Real-time strategy games are strategic war games where two or more players operate on a virtual battlefield, controlling resources, buildings, units and technologies to achieve victory by destroying others. Achieving victory depends on destroying the opponent, destroying the opponent depends on selecting a suitable plan or strategy (set of actions), selecting a suitable plan depends on building an imagination (building a model) of the opponent to know how to deal with. This imagination is the opponent model, the stronger the opponent modeling process is, the more accurate the selected suitable plan is and consequently the higher probability achieving the victory is. Creating a human-like computer player in real-time strategy games requires huge number of opponent models, these models must be preprocessed to either focus on accuracy or performance according to our needs. In order to preprocess these models accurately, we need to detect their type. Opponent models’ type can be complex or simple. Complex opponent models are low variance models whose differences in features’ values are low, so in order to accurately separate between these models, we need to preprocess them by increasing their dimensions. Simple opponent models are high variance models whose differences in features’ values are high, so in order to separate between these models in a reasonable time, we need to preprocess them to decrease their dimensions, if possible, without accuracy or data loss. Finally, the new observed model is classified with the preprocessed training opponent models using the corresponding classifier according to the detected type of the preprocessed training opponent models.

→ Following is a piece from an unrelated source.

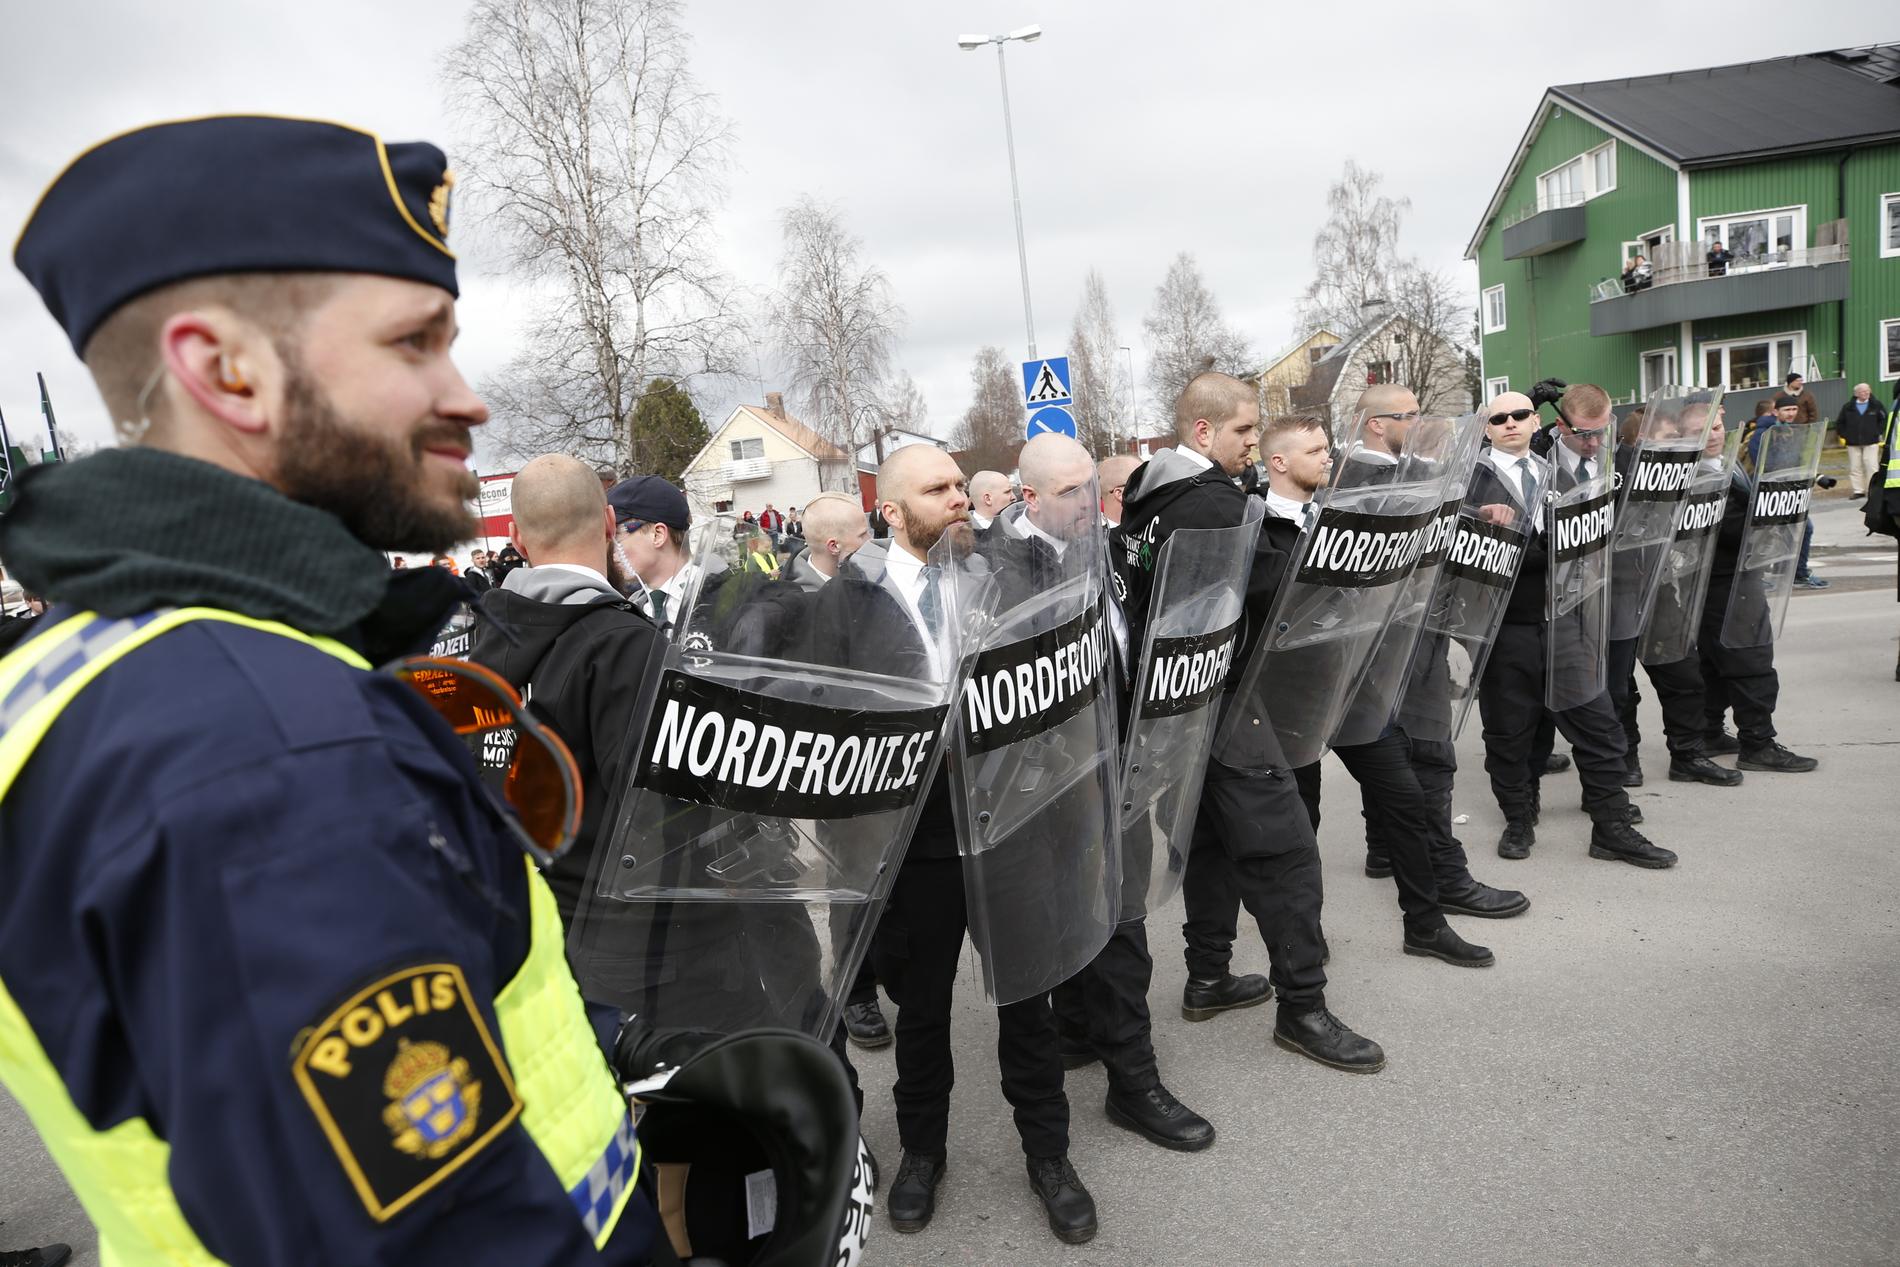 Den nazistiska organisationen Nordiska motståndsrörelsens planerar att demonstrera i Ludvika och Kungälv på första maj. Här en bild från NMR:s förstamajtåg i Ludvika 2018.
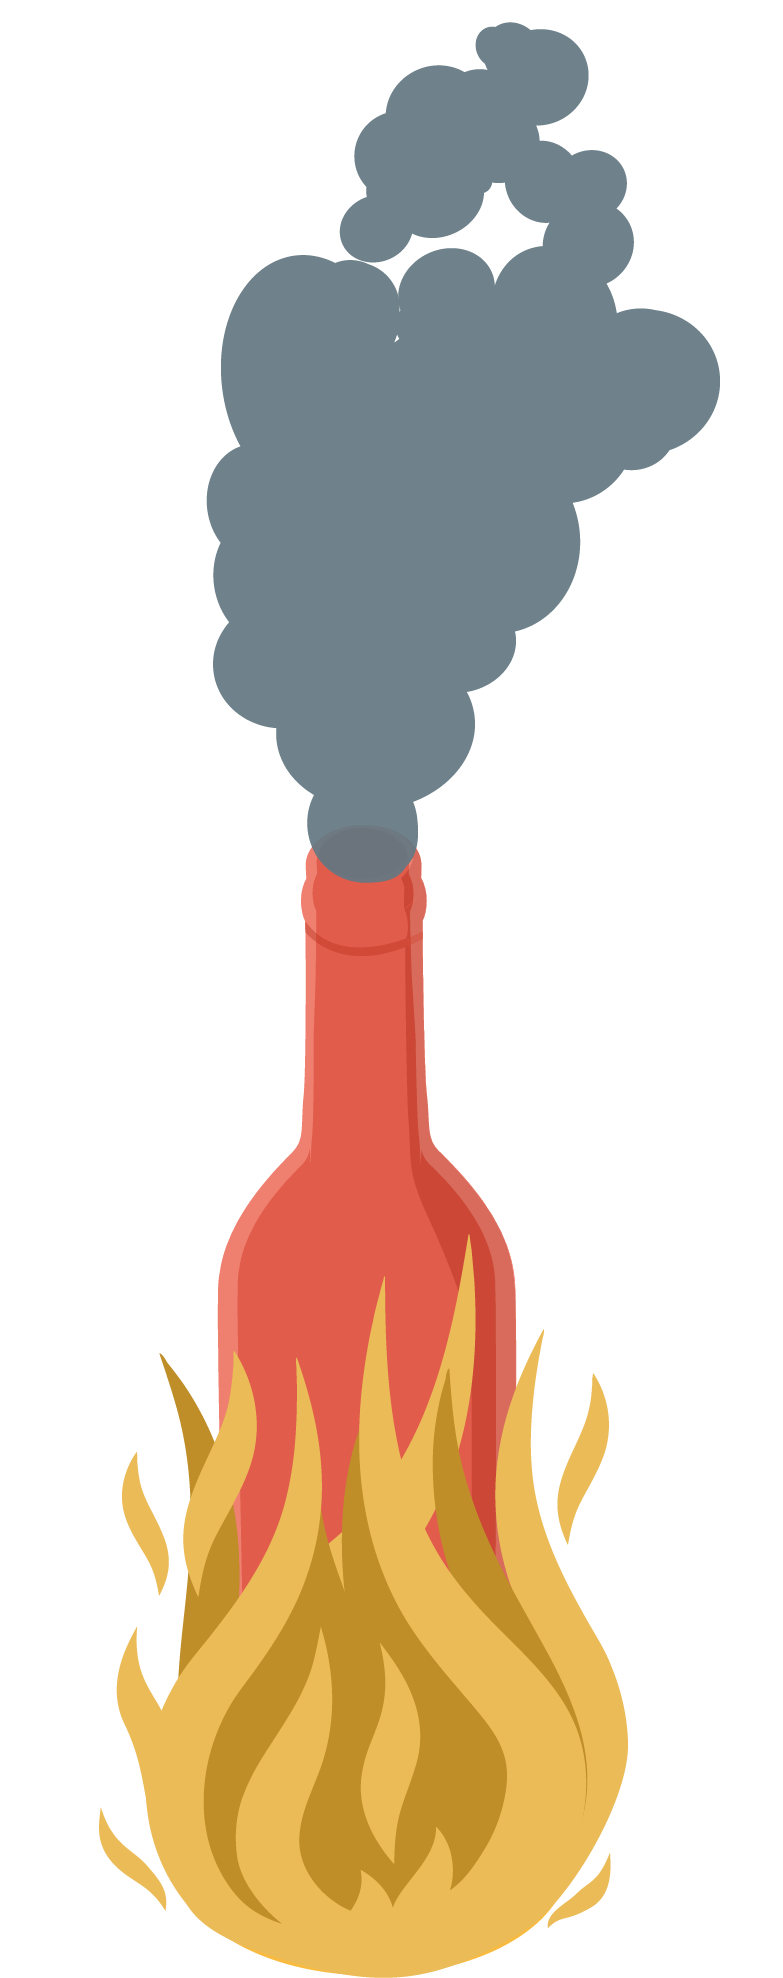 Image d'une bouteille en feu avec de la fumée

The problem is that most recent researches propose methodologies that either focus on time performance or accuracy, another problem is that many classification processes are game-specific. In this thesis, a new methodology is proposed that focuses on both time performance and accuracy in building and classifying the opponent model. Our new methodology can also classify the observed opponent model in a way that is not game-specific. The methodology mainly includes two paths, only one of them is executed per opponent models trained, which means that different types of real-time strategy games and different races may execute different paths of the two paths of our methodology. Results show the error rate, the enhancements performed by the classification processes and the time performance.
Keywords: Real-time strategy games, opponent modeling, classification, clustering, opponent modeling, adaboost, multiboost, svm, pca, neural networks, rough sets, rts.